The financial information contained in this announcement does not constitute
statutory financial statements within the meaning of Section 240 of the
Companies Act 1985. The financial information for the year ended 31 December
2007 has been extracted from the draft statutory financial statements for that
year upon which the auditors have yet to report.
2 Accounting policies
Basis of consolidation
The business combination between the Company and VPE and VPS has been accounted
for using reverse acquisition accounting and therefore represents a continuation
of the financial statements of VPE and VPS, the legal subsidiaries acquired.
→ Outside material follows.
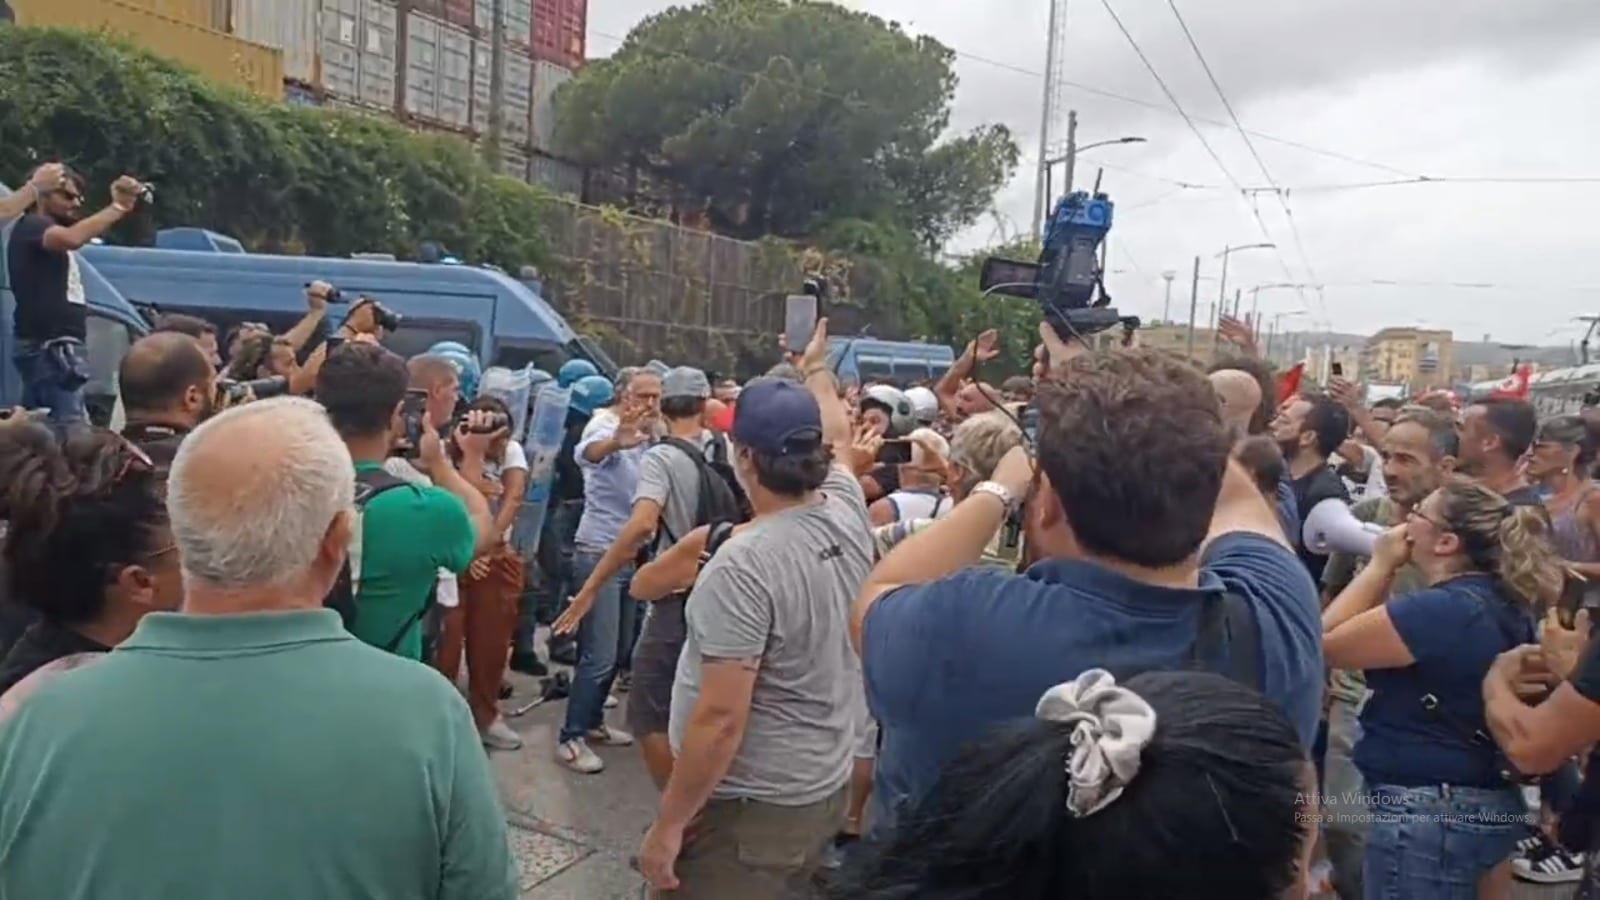 Reddito di cittadinanza, scontri a Napoli alla manifestazione contro il governo: tensioni con la polizia

VPE
and VPS were, prior to their reverse acquisition of the Company, not part of a
legal group but were under common control and business combinations between
entities under common control are outside the scope of IFRS 3. Accordingly, the
bringing together of VPE and VPS has been accounted for under the principles of
merger accounting and as a result, the assets and liabilities of the two
entities are recorded at book value, goodwill and intangible assets are
recognised only to the extent that they were previously recognised and no
goodwill was recognised on the merger.
The reverse acquisition of the Company by the combined entities is accounted for
as a business combination under IFRS3 with the combined entities as the acquirer
and the Company as the acquiree.
The reverse acquisition of the Company by VPE and VPS took place on 4 January
2007.
Revenue recognition
Cabin sales are recognised at the point at which the customer takes delivery of
the cabin.
Plot sales are recognised at the point title is passed on.
Sales revenue relating to the ski resort such as lift passes and equipment
rental is recognised over the period to which it relates and revenue from the
sale of ancillary goods is recognised at title transfer.
3 Revenue 2007 2006
(£'000) (£'000)
An analysis of the Group's revenue is as follows:
Cabin sales 3,649 2,092
Plot sales 513 2,495
Ski centre 1,122 981
5,284 5,568
4 (Loss)/earnings per share 2007 2006
(£'000) (£'000)
Earnings
Earnings for the purposes of basic and diluted
earnings per share has been calculated based on the
(loss)/profit after taxation (316) 1,083
Number of shares
Weighted average number of ordinary shares for the
purposes of basic earnings per share 822,162,575 822,162,575
Number of dilutive shares under option - -
Weighted average number of ordinary shares for the
purposes of dilutive earnings per share 822,162,575 822,162,575
The calculation of diluted earnings per share assumes conversion of all potentially dilutive ordinary shares,
however, as no share options have been granted there is no dilution.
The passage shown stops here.